The Twitter account of China’s US embassy has been locked after it tweeted in defence of Beijing’s policies in the Xinjiang region, Reuters reported on Thursday. Although it is not clear when Twitter took the action, the Chinese embassy’s account has not posted any new tweets since January 9.

Earlier in , the Chinese Embassy account, which goes by the handle Chinese Embassy in US, tweeted that Uighur women were no longer “baby making machines”. It cited a study reported by state-backed newspaper China Daily.

The tweet was removed by Twitter and replaced by a label stating that it was no longer available. Twitter said the post violated the US social media platform’s policy against “dehumanisation”.

“We’ve taken action on the Tweet you referenced for violating our policy against dehumanisation, where it states: We prohibit the dehumanisation of a group of people based on their religion, caste, age, disability, serious disease, national origin, race, or ethnicity,” a Twitter spokesperson said on Thursday.

China’s Foreign Ministry spokesperson Hua Chunying on Thursday said the move has left them confused, reported Reuters. Hua added that the Chinese authorities were concerned by the news.

Beijing has faced international condemnation for its alleged treatment of the members of the Muslim community. It has, however, repeatedly denied the allegations.

According to the United Nations, at least 10 lakh ethnic Uighurs and other Muslim communities have been detained in camps in the Xinjiang province, to forcibly stop them from following Islamic traditions and integrate them into the majority Han population. However, China claims it is providing vocational training and discouraging religious extremism.

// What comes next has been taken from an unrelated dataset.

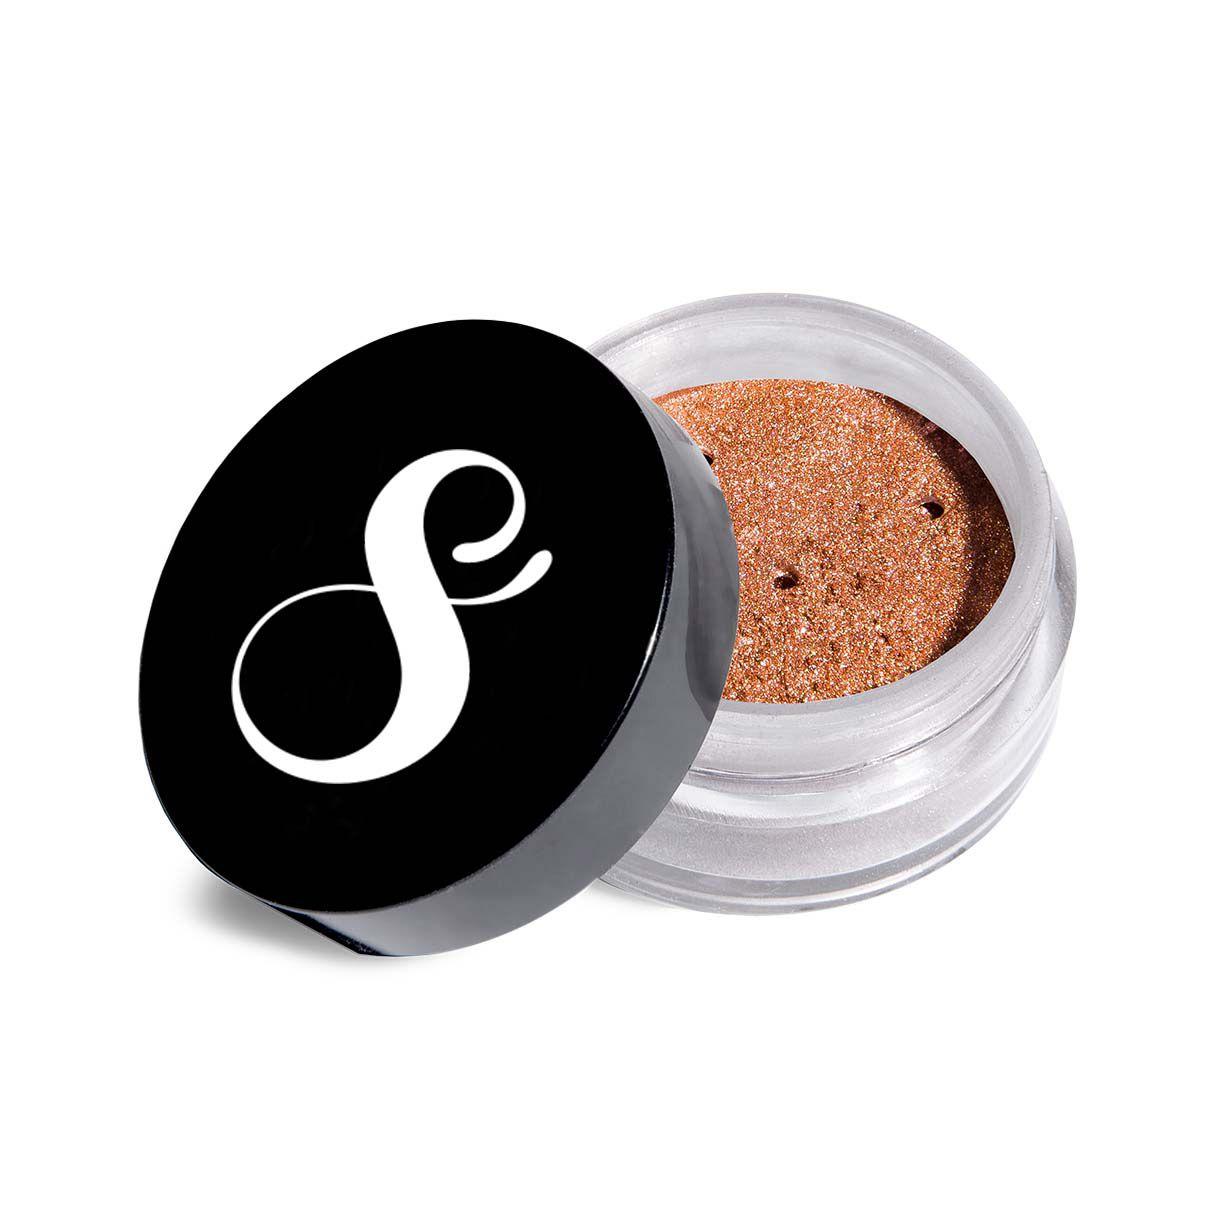 Asa de Borboleta Pigmento Suelen Makeup Paris  - SUELEN MAKEUP

In September, the United States had blocked the import of certain products from certain manufacturing facilities in northeast China over their suspected use of forced labour by Uighurs. The US, the United Kingdom and Canada had in August expressed concerns about religious oppression in China as well as Pakistan during a meeting on the safety of religious minorities in armed conflict.

Barcelona’s footballer Antoine Griezmann had in December said he was ending his sponsorship contract with Huawei over reports the Chinese telecom company was involved in the surveillance of Uighur Muslims. In the same week, Mesut Ozil, a German footballer of Turkish origin, had expressed support for Uighurs in Xinjiang and criticised Muslim countries for their failure to speak up for them.